_Goal of the exercise_:
Reproduce the whole listing exactly and let no picture into the copy.

_Information provided_:
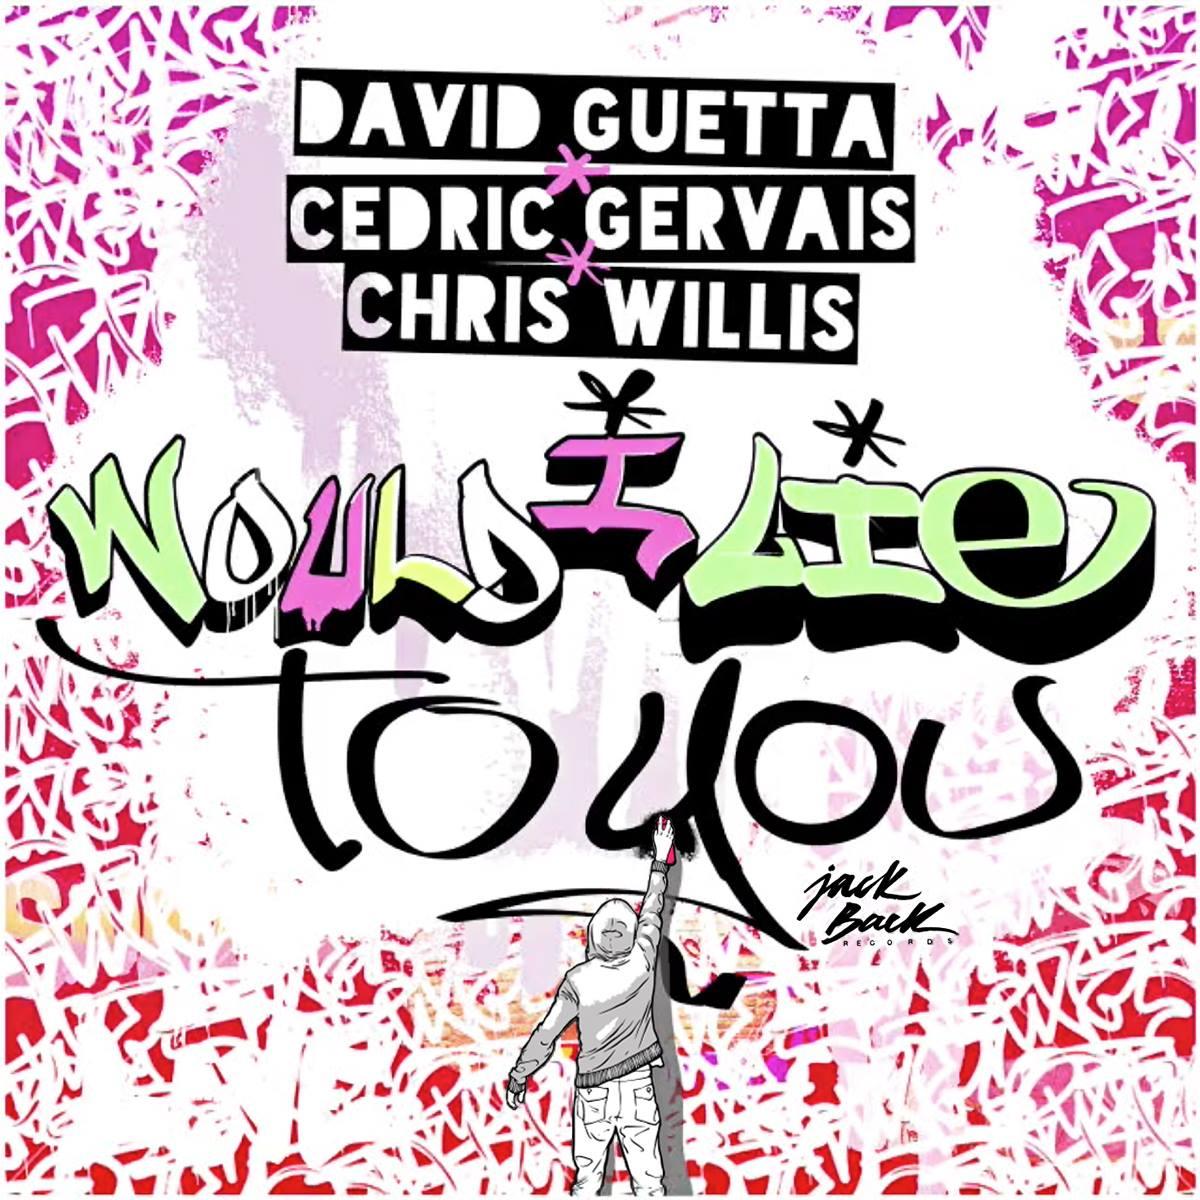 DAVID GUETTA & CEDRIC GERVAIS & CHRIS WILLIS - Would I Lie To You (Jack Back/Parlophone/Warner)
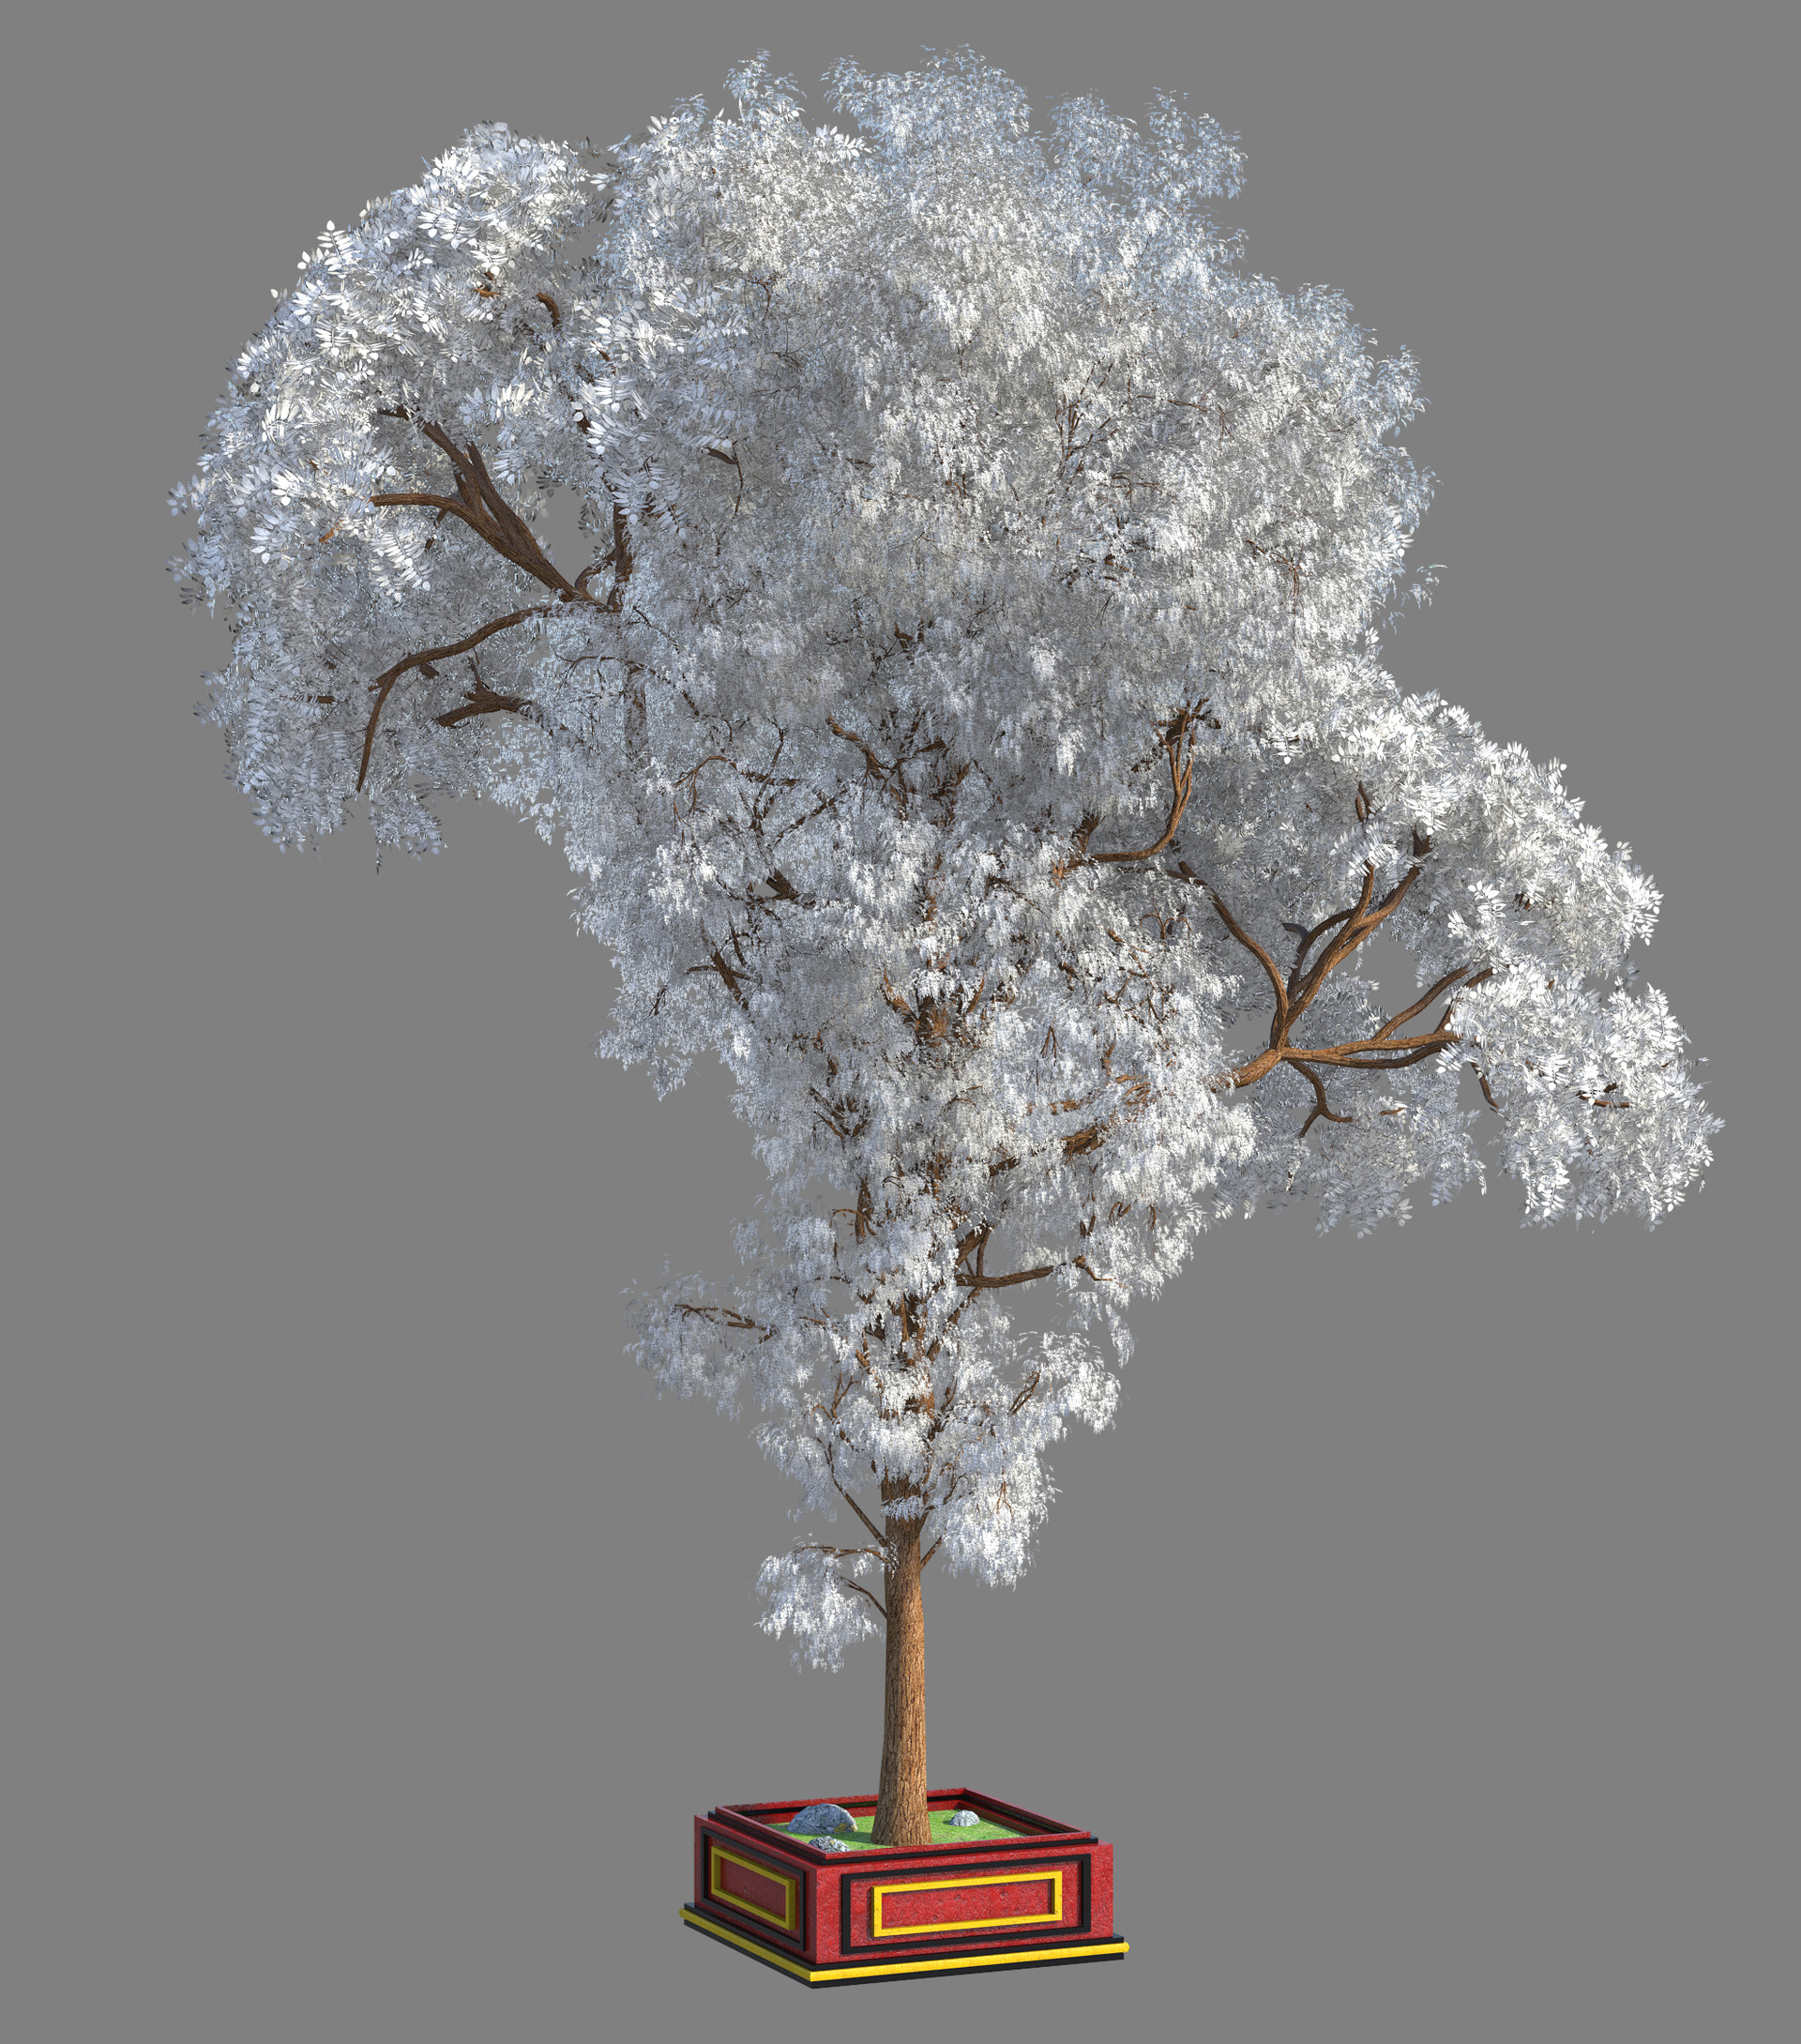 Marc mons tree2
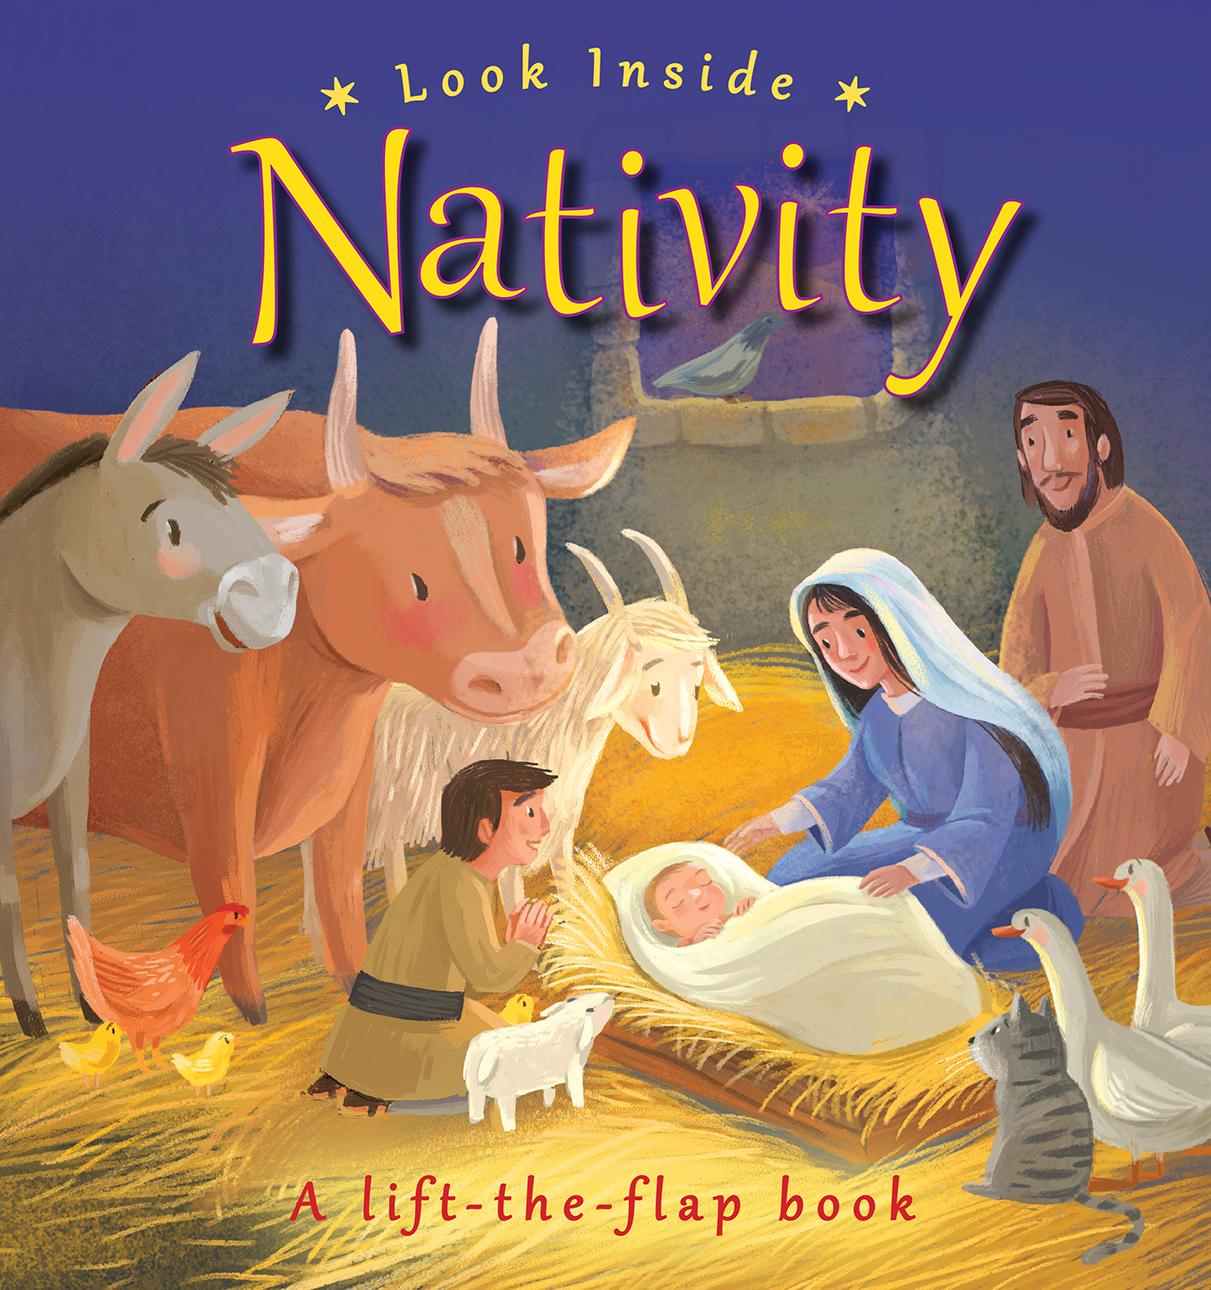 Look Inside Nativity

_Answer section_:
 DAVID GUETTA & CEDRIC GERVAIS & CHRIS WILLIS - Would I Lie To You (Jack Back/Parlophone/Warner)
 Marc mons tree2
 Look Inside Nativity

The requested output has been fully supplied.